> TO DO:
The lines needed are those below that contain the word "after"; copy each one.

(Data records)
====

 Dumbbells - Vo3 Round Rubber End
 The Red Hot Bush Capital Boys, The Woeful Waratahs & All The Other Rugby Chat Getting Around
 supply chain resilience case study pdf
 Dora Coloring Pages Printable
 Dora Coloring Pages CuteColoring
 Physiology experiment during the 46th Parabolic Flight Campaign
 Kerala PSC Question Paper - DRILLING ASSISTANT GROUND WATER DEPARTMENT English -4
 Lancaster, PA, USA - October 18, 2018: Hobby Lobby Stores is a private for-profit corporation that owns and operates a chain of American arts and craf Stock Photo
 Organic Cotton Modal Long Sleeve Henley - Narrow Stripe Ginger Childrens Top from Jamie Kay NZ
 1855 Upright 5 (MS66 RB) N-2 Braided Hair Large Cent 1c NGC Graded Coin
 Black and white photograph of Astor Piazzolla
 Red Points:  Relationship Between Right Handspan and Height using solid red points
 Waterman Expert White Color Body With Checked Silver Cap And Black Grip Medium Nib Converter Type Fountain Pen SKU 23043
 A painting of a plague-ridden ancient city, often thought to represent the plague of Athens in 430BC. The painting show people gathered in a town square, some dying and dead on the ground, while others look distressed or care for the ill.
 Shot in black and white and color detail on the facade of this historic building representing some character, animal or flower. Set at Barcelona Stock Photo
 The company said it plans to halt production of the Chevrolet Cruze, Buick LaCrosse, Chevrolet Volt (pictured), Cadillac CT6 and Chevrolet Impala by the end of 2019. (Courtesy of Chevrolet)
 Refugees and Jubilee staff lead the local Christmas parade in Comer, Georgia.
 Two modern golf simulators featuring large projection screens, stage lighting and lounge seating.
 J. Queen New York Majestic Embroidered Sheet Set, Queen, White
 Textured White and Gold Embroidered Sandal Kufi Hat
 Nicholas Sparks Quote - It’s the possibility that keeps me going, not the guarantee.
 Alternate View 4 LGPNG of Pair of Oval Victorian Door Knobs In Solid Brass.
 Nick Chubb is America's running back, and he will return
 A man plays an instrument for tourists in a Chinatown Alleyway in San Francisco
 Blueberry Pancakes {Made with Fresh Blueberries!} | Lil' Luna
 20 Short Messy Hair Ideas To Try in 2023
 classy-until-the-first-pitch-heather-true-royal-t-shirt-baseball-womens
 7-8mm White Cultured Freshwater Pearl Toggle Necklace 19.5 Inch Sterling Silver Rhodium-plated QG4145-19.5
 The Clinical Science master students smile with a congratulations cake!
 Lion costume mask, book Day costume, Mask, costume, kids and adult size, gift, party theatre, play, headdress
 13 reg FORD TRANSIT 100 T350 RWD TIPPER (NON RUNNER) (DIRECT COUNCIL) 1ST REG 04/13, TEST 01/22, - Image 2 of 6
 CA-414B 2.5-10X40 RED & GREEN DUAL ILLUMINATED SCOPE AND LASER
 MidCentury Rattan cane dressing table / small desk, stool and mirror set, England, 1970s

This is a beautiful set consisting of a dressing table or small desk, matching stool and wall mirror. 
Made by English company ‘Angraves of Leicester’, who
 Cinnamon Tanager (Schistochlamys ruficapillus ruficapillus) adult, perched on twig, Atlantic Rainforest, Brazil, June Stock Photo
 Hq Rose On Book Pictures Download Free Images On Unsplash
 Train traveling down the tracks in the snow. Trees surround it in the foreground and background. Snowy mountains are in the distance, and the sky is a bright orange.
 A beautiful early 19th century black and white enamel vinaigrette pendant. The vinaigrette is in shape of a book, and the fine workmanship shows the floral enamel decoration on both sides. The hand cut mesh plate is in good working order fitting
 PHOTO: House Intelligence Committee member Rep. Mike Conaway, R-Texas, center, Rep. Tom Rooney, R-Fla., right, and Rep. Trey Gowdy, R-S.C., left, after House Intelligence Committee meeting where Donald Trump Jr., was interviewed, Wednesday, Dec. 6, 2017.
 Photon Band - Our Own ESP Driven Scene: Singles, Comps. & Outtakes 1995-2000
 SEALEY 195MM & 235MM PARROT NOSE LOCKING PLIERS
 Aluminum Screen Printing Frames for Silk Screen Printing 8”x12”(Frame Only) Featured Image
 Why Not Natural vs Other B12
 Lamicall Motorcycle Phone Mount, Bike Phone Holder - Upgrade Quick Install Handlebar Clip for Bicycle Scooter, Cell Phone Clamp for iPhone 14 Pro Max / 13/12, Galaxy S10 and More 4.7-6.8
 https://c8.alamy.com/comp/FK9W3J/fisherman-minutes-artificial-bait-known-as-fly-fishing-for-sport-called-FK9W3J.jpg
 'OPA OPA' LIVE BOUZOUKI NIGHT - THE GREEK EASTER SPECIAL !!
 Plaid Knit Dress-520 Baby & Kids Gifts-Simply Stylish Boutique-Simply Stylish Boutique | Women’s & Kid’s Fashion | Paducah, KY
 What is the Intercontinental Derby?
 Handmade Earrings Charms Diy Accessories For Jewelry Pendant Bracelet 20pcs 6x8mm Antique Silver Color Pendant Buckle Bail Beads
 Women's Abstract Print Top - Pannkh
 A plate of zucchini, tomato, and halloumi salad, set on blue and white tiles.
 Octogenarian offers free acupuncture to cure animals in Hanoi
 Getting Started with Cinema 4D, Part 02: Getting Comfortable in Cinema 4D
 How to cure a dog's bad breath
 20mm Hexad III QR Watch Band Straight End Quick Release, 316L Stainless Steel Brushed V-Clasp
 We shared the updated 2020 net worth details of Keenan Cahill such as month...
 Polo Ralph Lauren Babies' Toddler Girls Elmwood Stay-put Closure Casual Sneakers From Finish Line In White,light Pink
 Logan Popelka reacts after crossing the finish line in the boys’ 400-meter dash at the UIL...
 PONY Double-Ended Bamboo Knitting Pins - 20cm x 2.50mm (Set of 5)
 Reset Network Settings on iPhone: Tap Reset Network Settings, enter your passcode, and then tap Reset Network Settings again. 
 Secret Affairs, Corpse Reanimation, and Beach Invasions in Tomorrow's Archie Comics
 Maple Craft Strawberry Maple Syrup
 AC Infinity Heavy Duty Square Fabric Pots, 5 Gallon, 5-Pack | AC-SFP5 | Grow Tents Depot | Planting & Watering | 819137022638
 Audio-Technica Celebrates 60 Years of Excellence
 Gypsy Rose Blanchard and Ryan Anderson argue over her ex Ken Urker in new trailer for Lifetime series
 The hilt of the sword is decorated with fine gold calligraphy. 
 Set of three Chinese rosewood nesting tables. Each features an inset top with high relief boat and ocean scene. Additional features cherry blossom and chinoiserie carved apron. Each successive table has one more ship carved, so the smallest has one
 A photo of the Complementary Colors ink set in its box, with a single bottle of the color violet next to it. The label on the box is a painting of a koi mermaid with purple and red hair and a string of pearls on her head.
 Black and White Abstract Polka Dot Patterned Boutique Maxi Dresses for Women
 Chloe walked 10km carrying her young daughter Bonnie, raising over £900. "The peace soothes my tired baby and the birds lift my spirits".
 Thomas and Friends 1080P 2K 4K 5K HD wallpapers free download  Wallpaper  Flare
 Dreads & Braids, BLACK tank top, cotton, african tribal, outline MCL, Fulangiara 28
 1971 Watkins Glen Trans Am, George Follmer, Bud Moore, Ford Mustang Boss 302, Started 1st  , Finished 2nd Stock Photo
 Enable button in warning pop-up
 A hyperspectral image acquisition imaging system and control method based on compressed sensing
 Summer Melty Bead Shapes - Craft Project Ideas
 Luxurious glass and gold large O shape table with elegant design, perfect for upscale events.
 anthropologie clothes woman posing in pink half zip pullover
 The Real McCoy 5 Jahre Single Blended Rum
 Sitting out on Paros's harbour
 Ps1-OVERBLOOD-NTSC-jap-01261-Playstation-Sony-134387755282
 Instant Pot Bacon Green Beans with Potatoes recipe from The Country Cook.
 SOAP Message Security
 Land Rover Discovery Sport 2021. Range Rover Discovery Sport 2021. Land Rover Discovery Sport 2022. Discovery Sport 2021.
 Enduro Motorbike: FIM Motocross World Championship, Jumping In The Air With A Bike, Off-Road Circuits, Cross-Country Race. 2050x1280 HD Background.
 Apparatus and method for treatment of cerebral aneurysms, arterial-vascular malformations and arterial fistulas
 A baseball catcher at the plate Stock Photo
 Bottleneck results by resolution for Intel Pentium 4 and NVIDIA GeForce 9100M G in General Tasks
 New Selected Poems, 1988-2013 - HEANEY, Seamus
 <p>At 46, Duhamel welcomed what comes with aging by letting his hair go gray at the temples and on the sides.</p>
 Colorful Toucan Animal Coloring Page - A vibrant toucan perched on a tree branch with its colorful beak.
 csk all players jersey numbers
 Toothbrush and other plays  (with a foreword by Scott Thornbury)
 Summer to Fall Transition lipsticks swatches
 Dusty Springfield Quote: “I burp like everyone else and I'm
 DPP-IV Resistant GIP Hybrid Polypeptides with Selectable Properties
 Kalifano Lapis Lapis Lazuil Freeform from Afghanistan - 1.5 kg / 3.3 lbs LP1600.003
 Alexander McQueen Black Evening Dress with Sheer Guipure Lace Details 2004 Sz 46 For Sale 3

====

> RESPONSE BOX:
 PHOTO: House Intelligence Committee member Rep. Mike Conaway, R-Texas, center, Rep. Tom Rooney, R-Fla., right, and Rep. Trey Gowdy, R-S.C., left, after House Intelligence Committee meeting where Donald Trump Jr., was interviewed, Wednesday, Dec. 6, 2017.
 Logan Popelka reacts after crossing the finish line in the boys’ 400-meter dash at the UIL...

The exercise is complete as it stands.